Sunday, February 28, 2010


Burek is a Middle Eastern meat pastry.

1 # Hamburger
2 cloves garlic
1/4 onion, finely chopped
Salt, pepper and paprika-just taste as you go, but a good starting point is around 1 t salt, 1 t fresh ground pepper and 1 1/2 t a nice smokey paprika-not a hot one, though if you like spicy foods, you could easily use one here
Butter, melted
Phyllo dough

Brown and season hamburger to taste. I used garlic, onion, and paprika.

Let meat cool.
Melt butter.
Lay out one sheet of phyllo, coat with butter. Layer on another sheet, coat with butter.
Spread a few spoonfuls of meat along the long edge of the dough sheet-be careful not to overfill or rolling and turning will be difficult.
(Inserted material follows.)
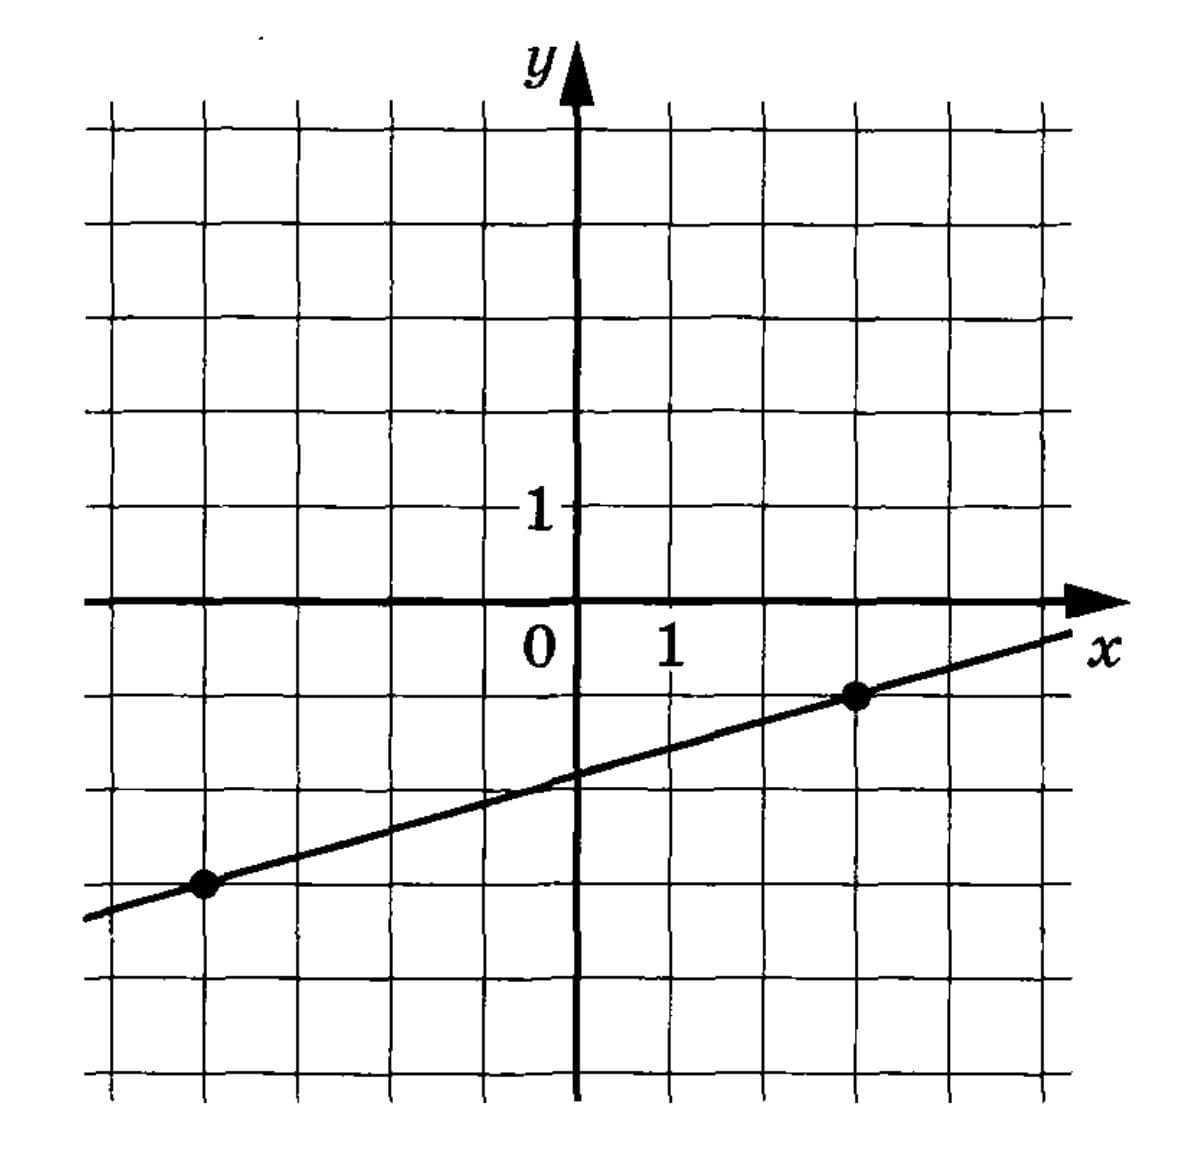 Функция y kx a x b. График функции FX. Напишите уравнение прямой изображенной на рисунке. На рисунке изображен график функции k/x+a. Что изображено на рисунке?.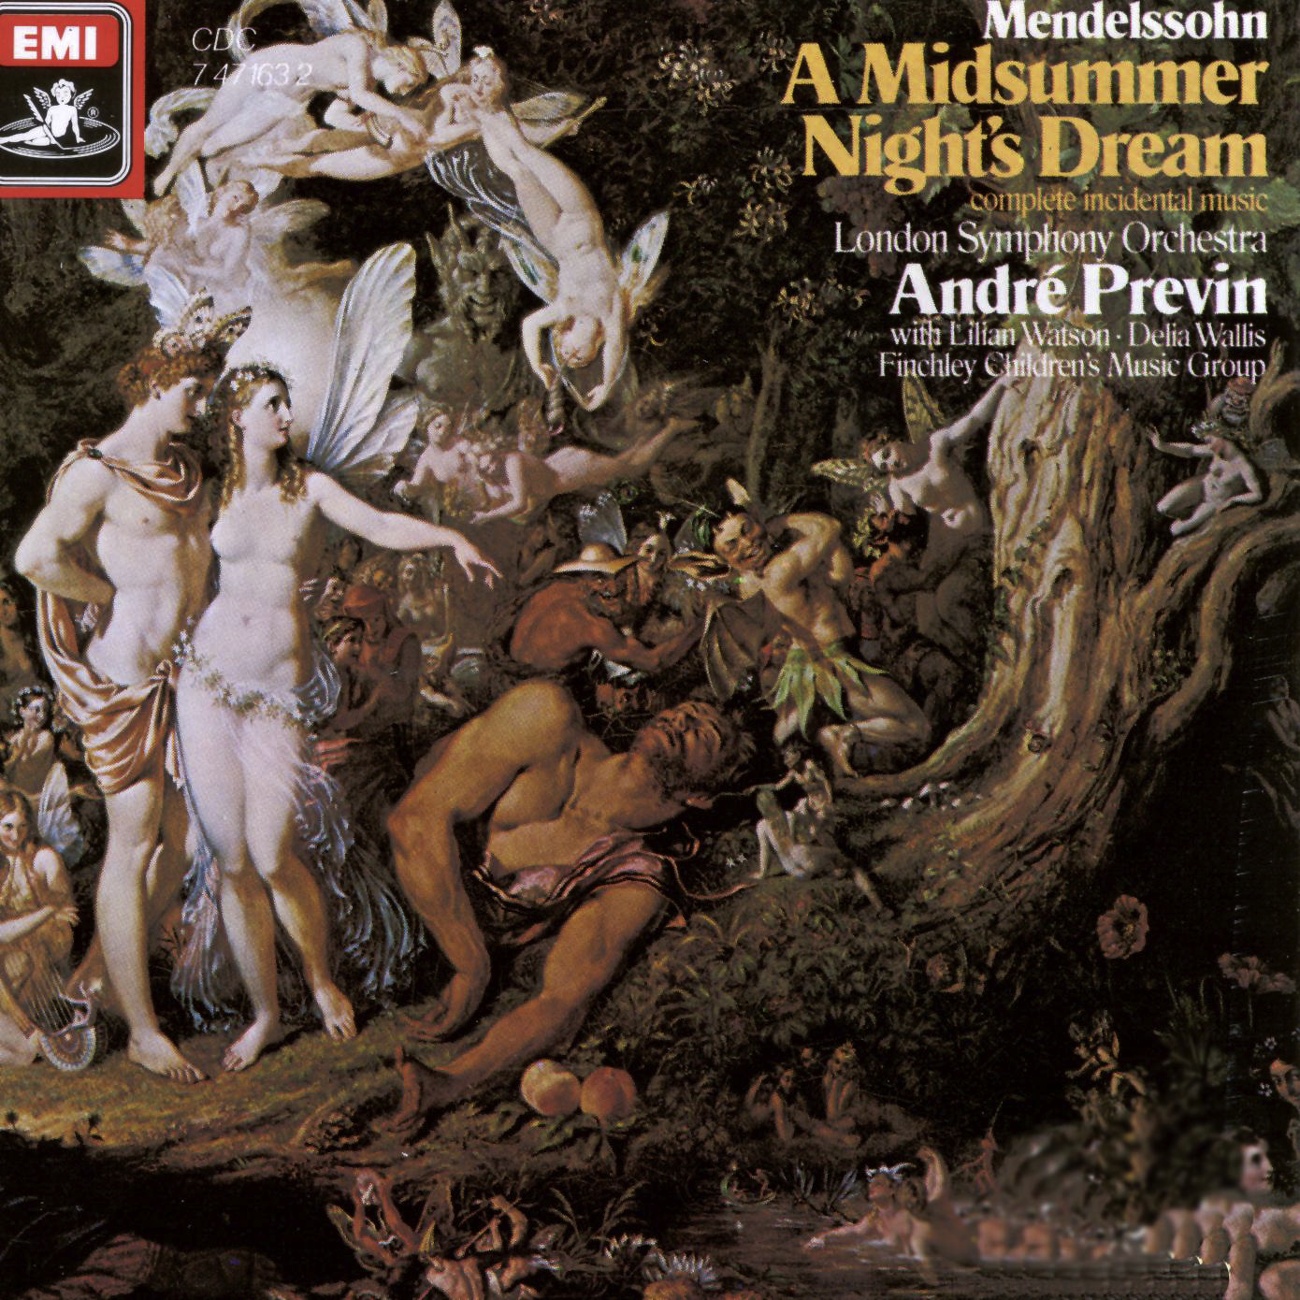 Mendelssohn - A Midsummer Night's Dream (incidental music)

Roll the dough over the meat into a shake shape.


Then, curl the snake into a coil (like a snail).
I usually top with extra melted butter.
Bake 375 for 15 minutes.

Phyllo dough is not hard to use, but it requires care. Mainly, you do not want it to dry out. Keep the sheets you're not using covered with plastic wrap and a wet towel at all times. Work quickly with the sheets you are using.

This can be frozen just fine. I recommend using a hard-sided container, rather than the ziplock bags I used for Freezer Meal Group.

I budgeted one pound of hamburger per family, miscounted families, and brought only 4 pounds of hamburger. That did make enough for 4 servings per family except my own, but each family could have gotten more if I'd brought more meat. Burek is meant to be eaten with a side of vegetables of some sort, but we usually eat it alone.


  1. YUM!! We loved it!! I couldn't place the spices & never would have guessed paprika! A simple, but wonderful flavoring to some (great, lol) beef!

    It has been requested that I get the "special sheets" to make this again!

    Thank you for sharing! I never would have made something of this nature.

  2. We liked it, too. I keep forgetting to get pastry sheets. I think we will probably add some sort of veggies to ours just to sneak them in for the hubs and kids.